There are a handful of attractive shots to be found: protagonist Anastasia (played as a six-year old by the adorable and funny Carla Besnainou) riding a deer across a snow-covered mountainscape is a rare and successful attempt at being cinematic, a wardrobe bedroom where the shelved walls are stacked with alarm clocks makes a gently amusing image that plays on our familiarity with the original fairytale, while the opening scene of teenage witches skinny-dipping in a waterfall pool catches the eye for, um, several reasons. Whether intentionally or not, a piece of background graffiti for Joy Division that appears as Anastasia first explores her dream world is also hilarious. For the most part though, Breillat seems more interested in finding the most practical way of recording the action than making each shot engaging, not helped by some choppy editing. Many of the locations show potential for being beautiful or evocative, but are wasted by perfunctory props, costume and framing.

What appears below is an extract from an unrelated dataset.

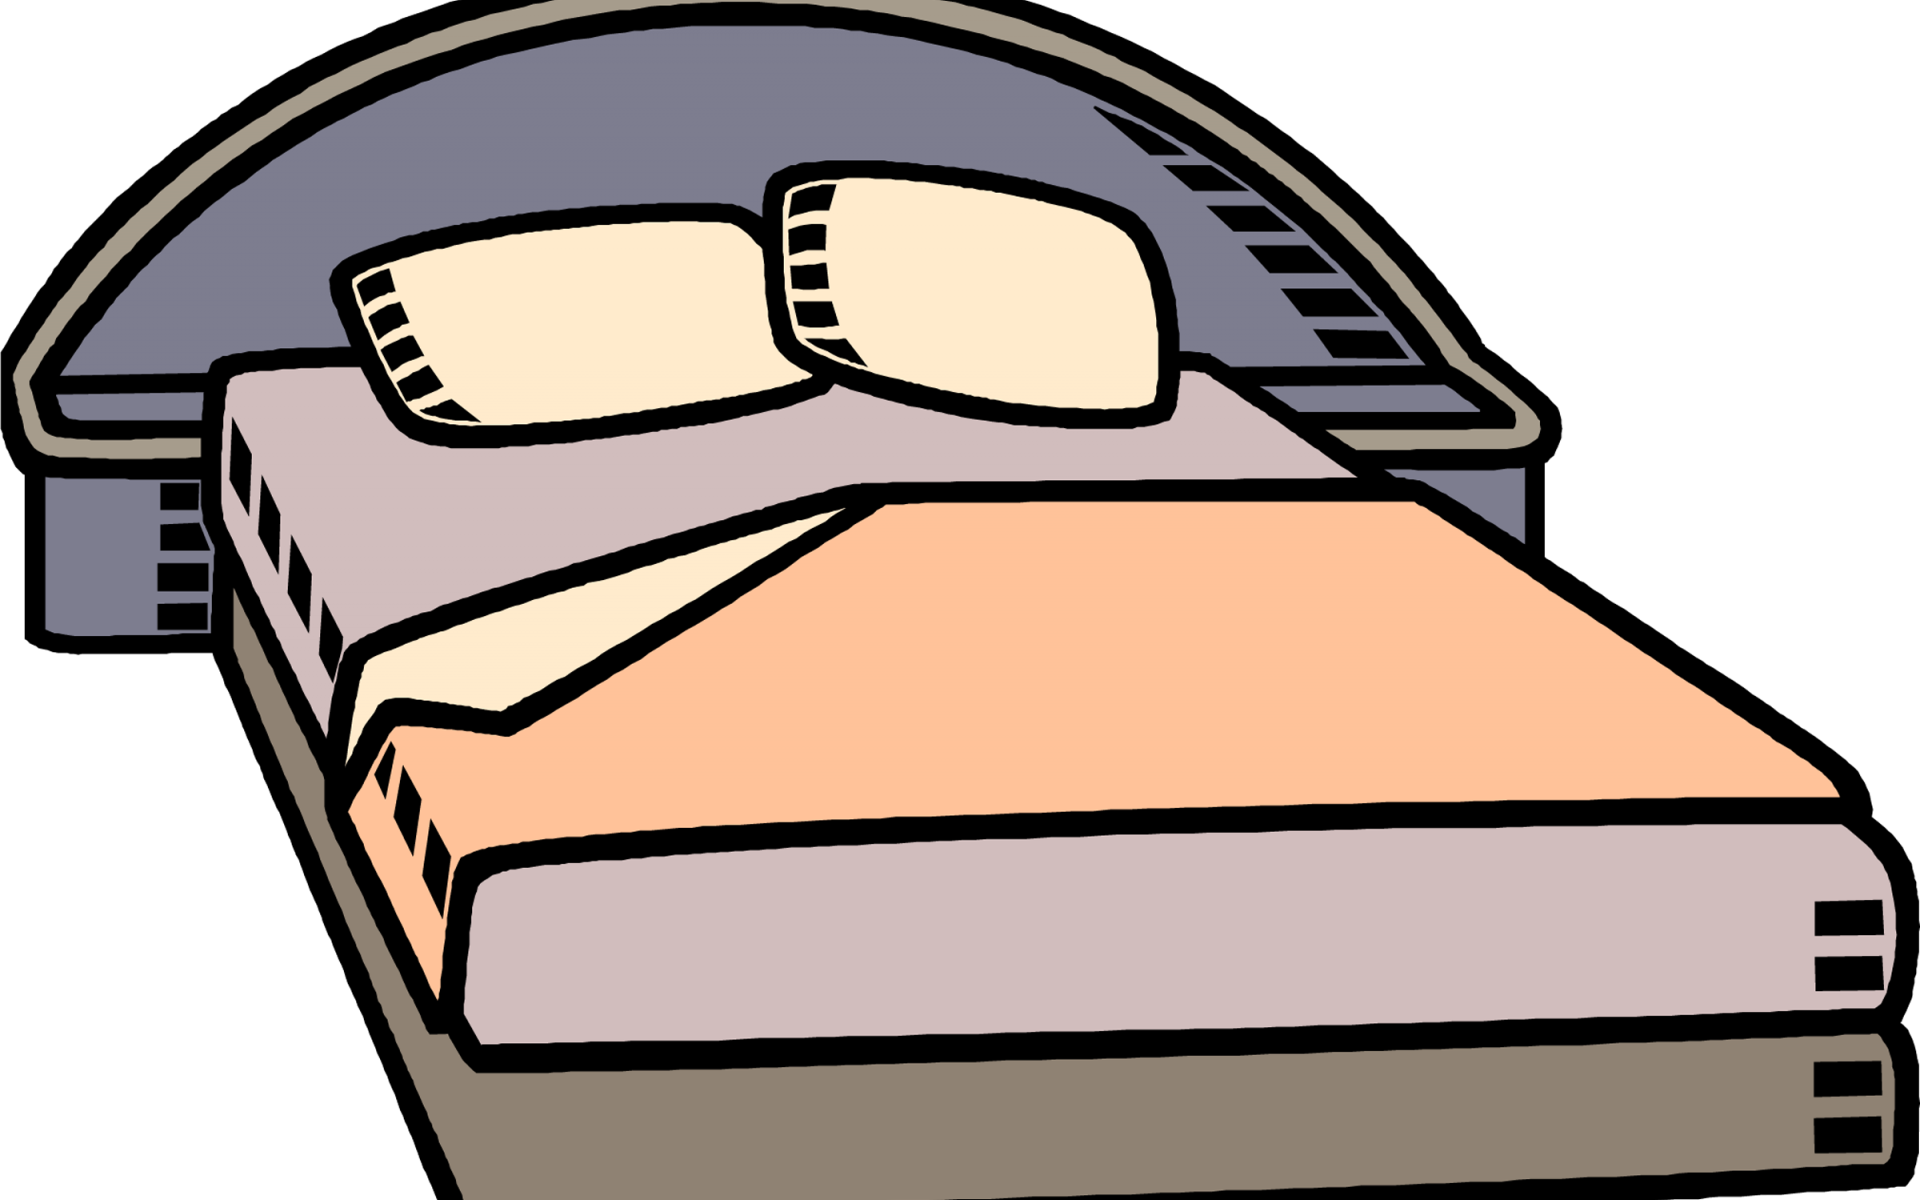 Make Bed Clipart - Bed Cartoon Images Transparent (1920x1200)

Breillat’s themes emerge quickly and forcefully. Baby princess Anastasia is condemned by a bitter old hag to prick her finger and fall into a hundred-year sleep, but three younger (and more attractive) witches also attending the birth attempt to remedy the curse by bringing forward the date of her enchantment to her sixth birthday and having her wake up ten years older. Why? “Growing up stinks, better to go through it dreaming.” Having sustained said injury following a slightly unsettling kabuki performance by the six-year old princess’ friends, she falls into the dream world where she must prepare herself for adolescence. After wandering through various scenarios vaguely symbolising different stages of childhood growth, she awakens as a sexually curious sixteen year old and immediately attracts the attention of a young man exploring her castle (steady now). Unfortunately for her, real life romances aren’t as easy the fairytale ideal.

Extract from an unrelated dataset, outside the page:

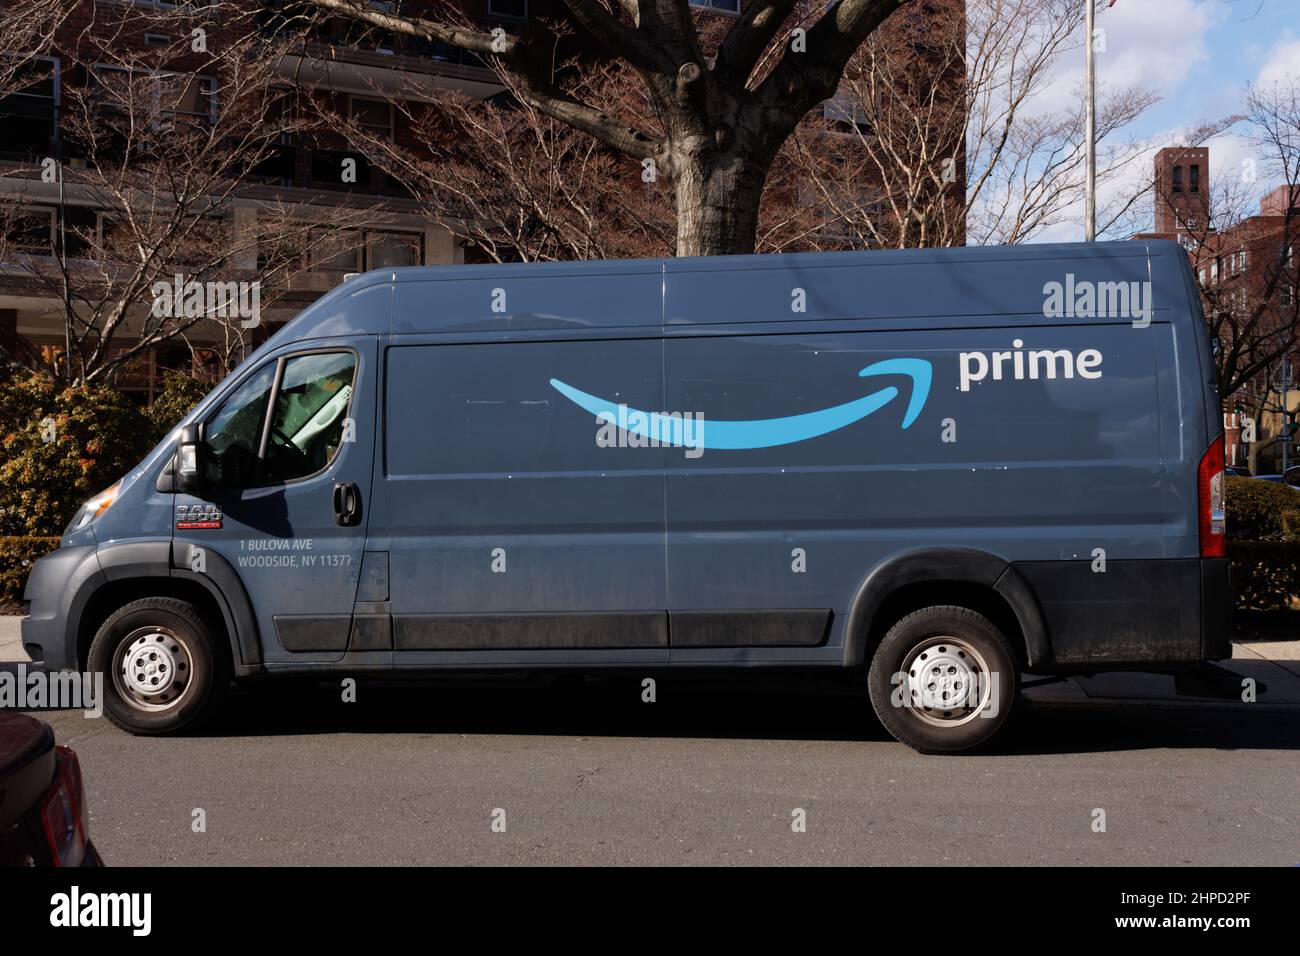 Amazon prime delivery van or truck parked on a street in Queens, New York Stock Photo

There are obvious allegories to sexual awakening and crossover between fantasy and reality, but the script reduces much to this to interminable dialogue scenes that dally around themes without evolving or taking them in any interesting directions. Having the teenage Anastasia only allow her beau to undo a few buttons on her corset each night and his subsequent frustration forms a witty allegory contrasting classical standards of wooing to the modern expectation of instant gratification, but ditches the idea after a handful of scenes. Even at under ninety minutes, Breillat’s film feels both underdeveloped and overlong at the same time.